# Which SOCIAL MEDIA provides the Biggest Responses when Promoting your Books?



## Mikeyboy_esq (Aug 30, 2017)

Which SOCIAL MEDIA platform (e.g., FB, LI, Twitter, Instagram, Pinterest, etc.) gives you the biggest number of responses when promoting your books?  Also, what kind of books do you write (Fiction, Nonfiction, both)?




I'll go first... 
I get the best results from LINKEDIN, and both of my books are NONFICTION.  I base my answer on: 
1) the number of likes/comments my posts receive, and 
2) the number of times my books' website gets hits from LinkedIn vs. other social media sites.


----------



## Andrew78 (Nov 1, 2017)

For my works of non-fiction, an italian publications titled "come pubblicare un libro" (how to publish a book) Andrea Mucciolo, definitely FB, and I measure the success by the actual selling. I've been also a publisher in italy, at that time you could still go in Facebook pages and see the followers, so I added people interested in publishing, nowadays I guess it would be harder.


----------



## moderan (Nov 2, 2017)

Fiction. Facebook by leagues. Twitter gets me reads on my journalistic stuff, as does Linked-In, but doesn't sell a thing. Lee Cullens has been kind enough to pimp my collection for weeks, and nada. Sales _surge into the tens_ when I advertise on FB. I don't do any other social media other than the occasional wordpress blog.
Go a new book coming out in a couple of weeks, and two for Xmas. We'll see if that data applies.


----------



## Jason (Nov 14, 2017)

moderan said:


> Sales _surge into the tens_ when I advertise on FB.



What type of advertising are you doing on FB?  Are you boosting or going into sponsored ads?


----------



## moderan (Nov 15, 2017)

Sponsored ads for the most part. I've run ads for books and for my annual Xmas songs, which I peddle shamelessly.
The anthology due out in the next ten days is tied to a gofundme, which spikes sporadically, and which we basically use to collect advance orders (see sig).. We just did the cover reveal and that gained a couple hundred bucks and 500 eyes.
Our break-even is 500 copies -- we're halfway there.


----------



## creative_mind (Dec 5, 2017)

:hi: I would say that it depends on the target market you are trying to reach, but for sure social media platforms are a must when promoting your products. To have success you would have to explore which platform will contribute most. I came across a piece covering and comparing different social media platforms, which might be helpful to distinguish which platform will be helpful for you. :wink:
My personal experience showed me that the best sources for book ads are Facebook, Instagram, and Twitter. At least, these are the main ways I find myself getting influenced by an ad and then buy the book. 
Good luck!


----------



## tgerencer (Apr 30, 2018)

How big is your FB following? I've heard publishers want to know the size of your social media followings before they'll buy a book, particularly twitter. Yet people on this thread say Twitter doesn't help them nearly as much as FB. Does it make sense to try to build a huge Facebook following? I'm wondering how big your FB following is to be selling lots of books with it.


----------



## tgerencer (Apr 30, 2018)

And if you're not relying on your own friends list, how many people do you try to reach with each ad?


----------



## moderan (May 5, 2018)

tgerencer said:


> How big is your FB following? I've heard publishers want to know the size of your social media followings before they'll buy a book, particularly twitter. Yet people on this thread say Twitter doesn't help them nearly as much as FB. Does it make sense to try to build a huge Facebook following? I'm wondering how big your FB following is to be selling lots of books with it.

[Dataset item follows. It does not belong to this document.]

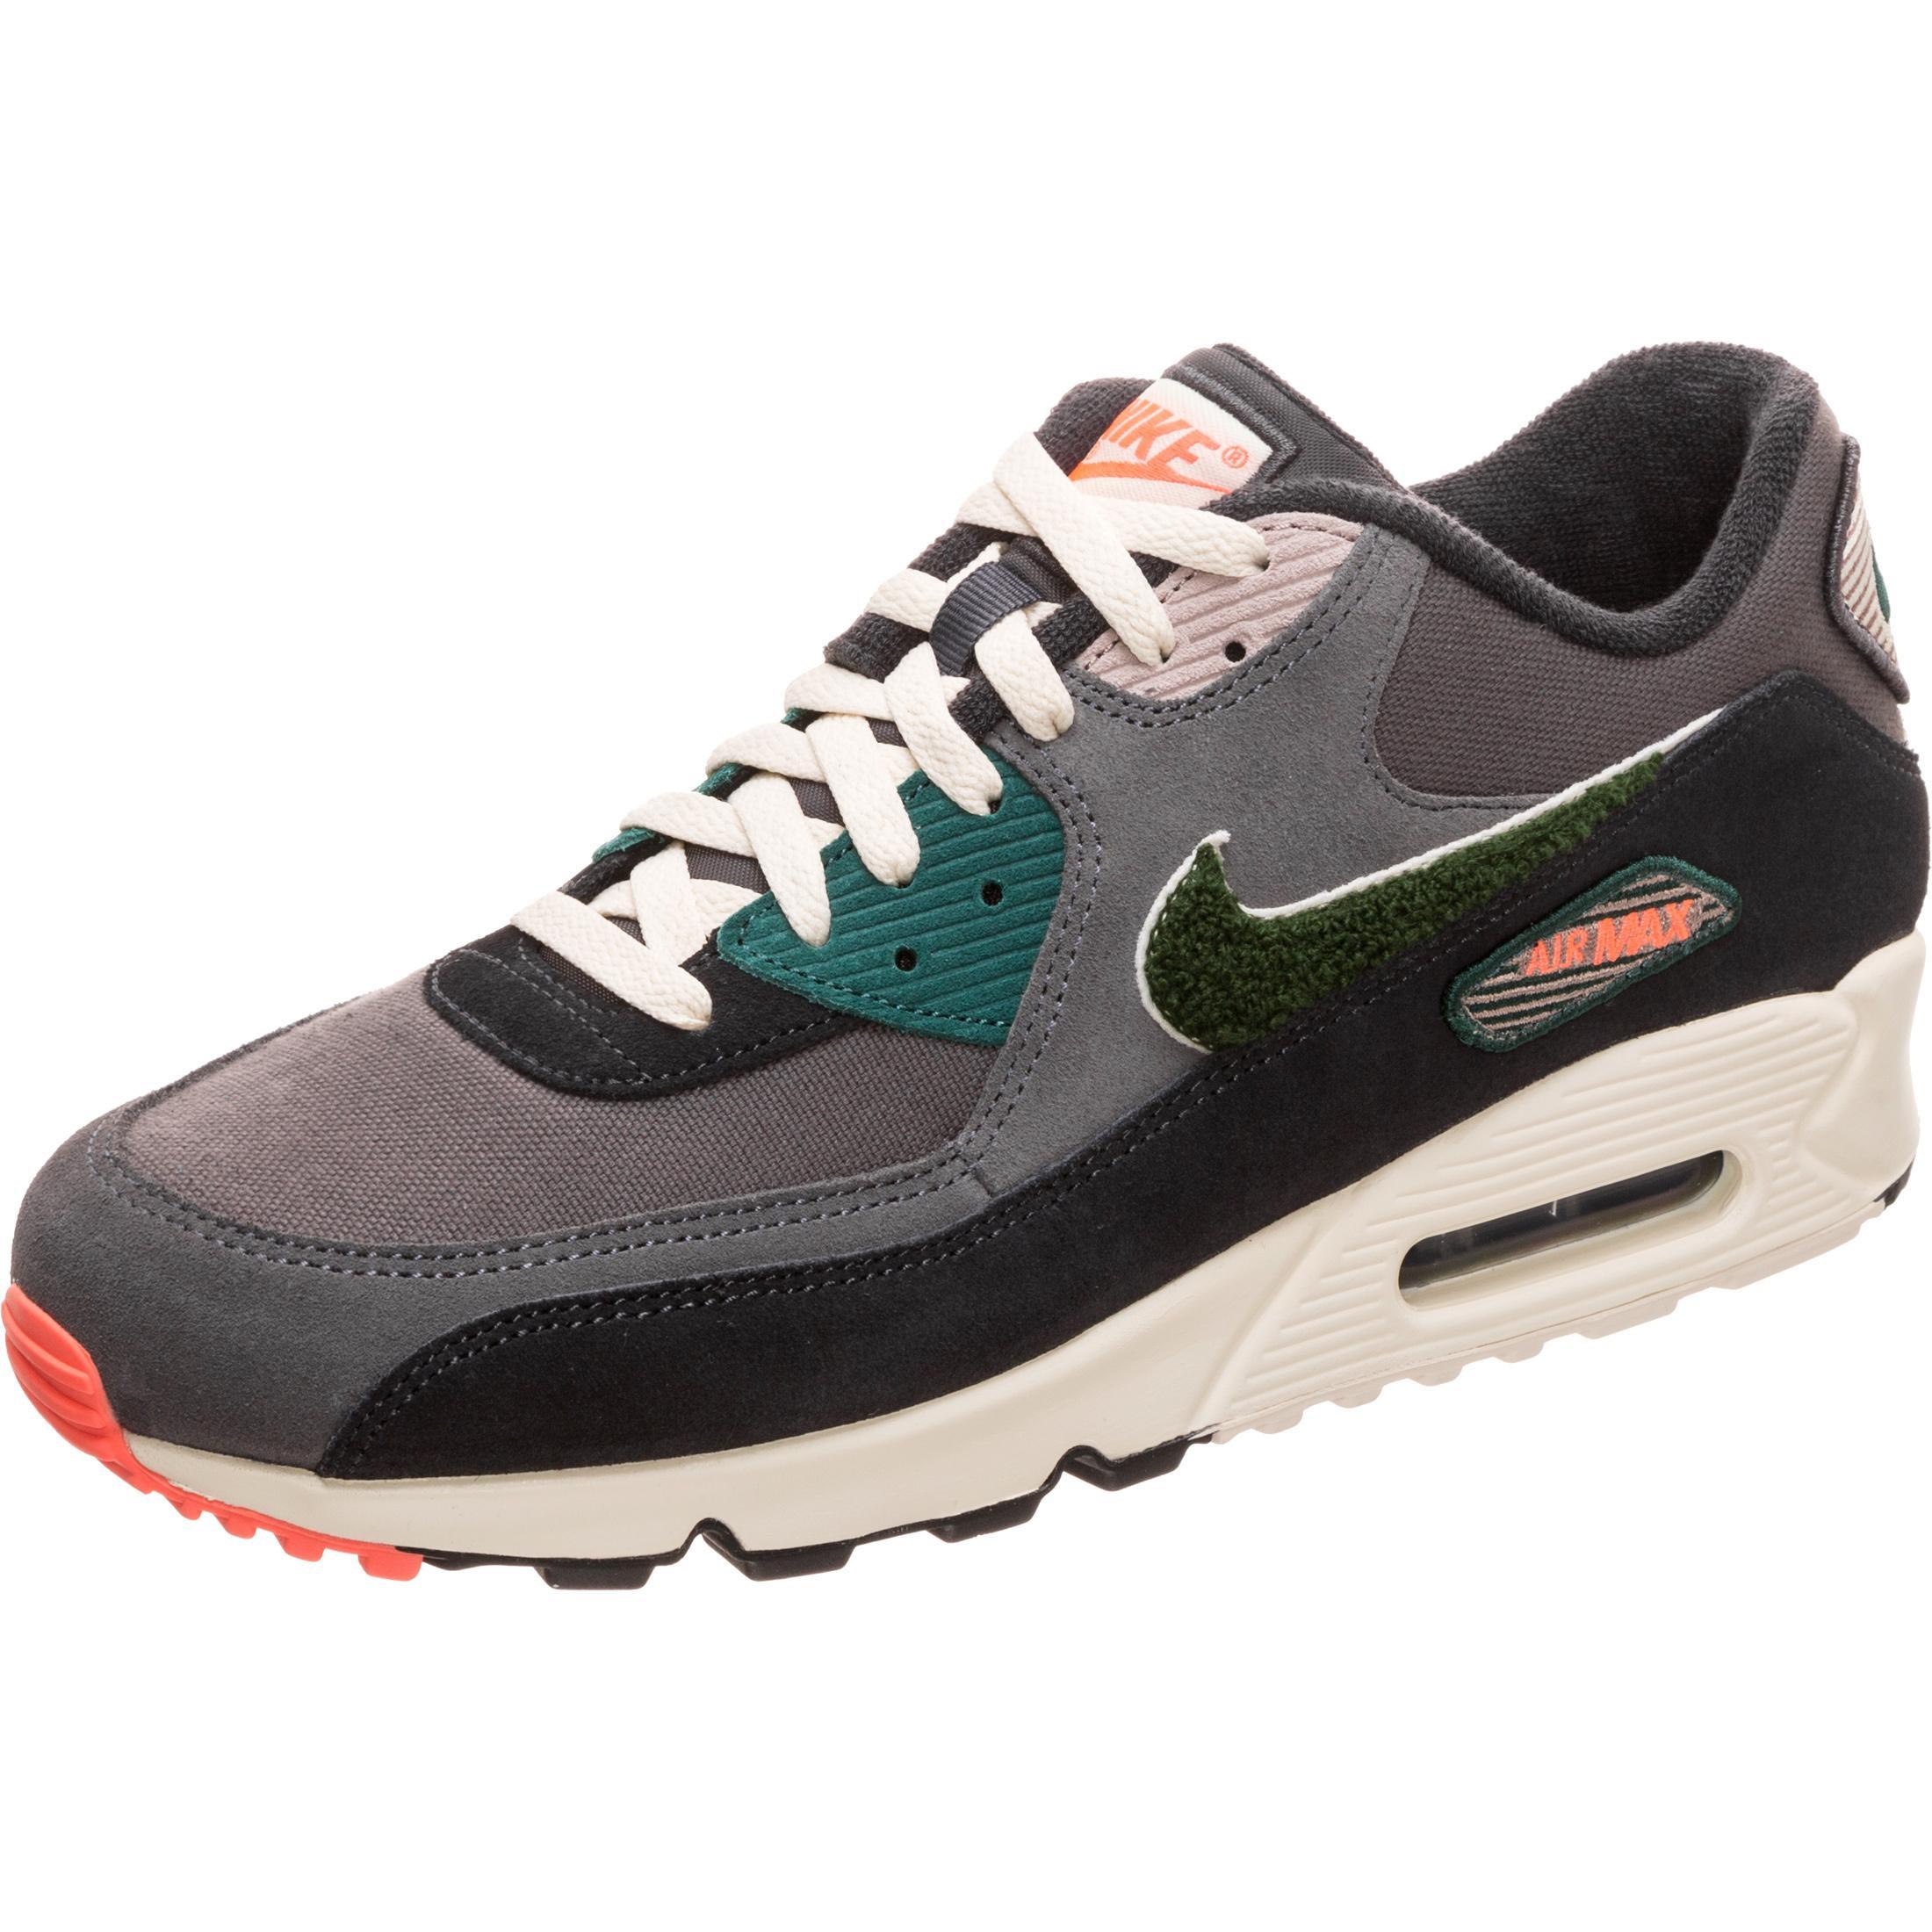 Air Se Max Im Sportscheck Grau Von Grün Nike Online Sneaker

You're probably not going to sell 'lots of books' through social media. What Facebook and Twitter can do for you is to increase the size of your network, which can help make it easier to find contacts to publish, edit, and so on, the books.

I have around 1200 FB 'friends' and @700 Twitter followers. Most of those are other writers or musicians. That's hardly an ideal target audience, and almost everybody just ignores those aggregators and book ad groups. I've spoken to people with more friends and/or followers, and their experience jibes with mine.
But sales from direct FB ads have in the past doubled my sales for short periods of time, and they definitely impact crowdfunding efforts. Twitter does very little. Once in a while someone writes me that they found out about my things from Twitter, but that seems minor. I advertise there anyway as it's free, and one book sale is one i didn't have before.


----------



## Ralph Rotten (May 6, 2018)

I've had the best success with discussion forums and Goodreads.
Remember that posts on forums stay for many years, and are viewed by hundreds of people.  
Dunno about Goodreads lately, since they got bought by Amazon.  I maintain a profile, but it doesn't seem like the book-central place it once was.

I don't use FB much for marketing.  I have a few thousand followers on twitter, but as Moderan pointed out, a large portion of those are fellow authors.


----------



## MatthewSteele (Jun 21, 2018)

Has anyone tried instagram or Snapchat or one of the younger trend social medias? I'm thinking of getting into them but wondering if it's worth it.


----------



## DeClarke (Jun 22, 2018)

I did a promotion thing for my book of FB once and got about 50 likes, a few laughs (which I assumed to be people who didn't like it) and 5 loves. Twitter, I get two likes, maybe one retweet. So I'm going to go with Facebook for now. If you present something that catches the reader, you will definitely get some responses. When I did that one promotional thing, I only used about 50 dollars and got that response.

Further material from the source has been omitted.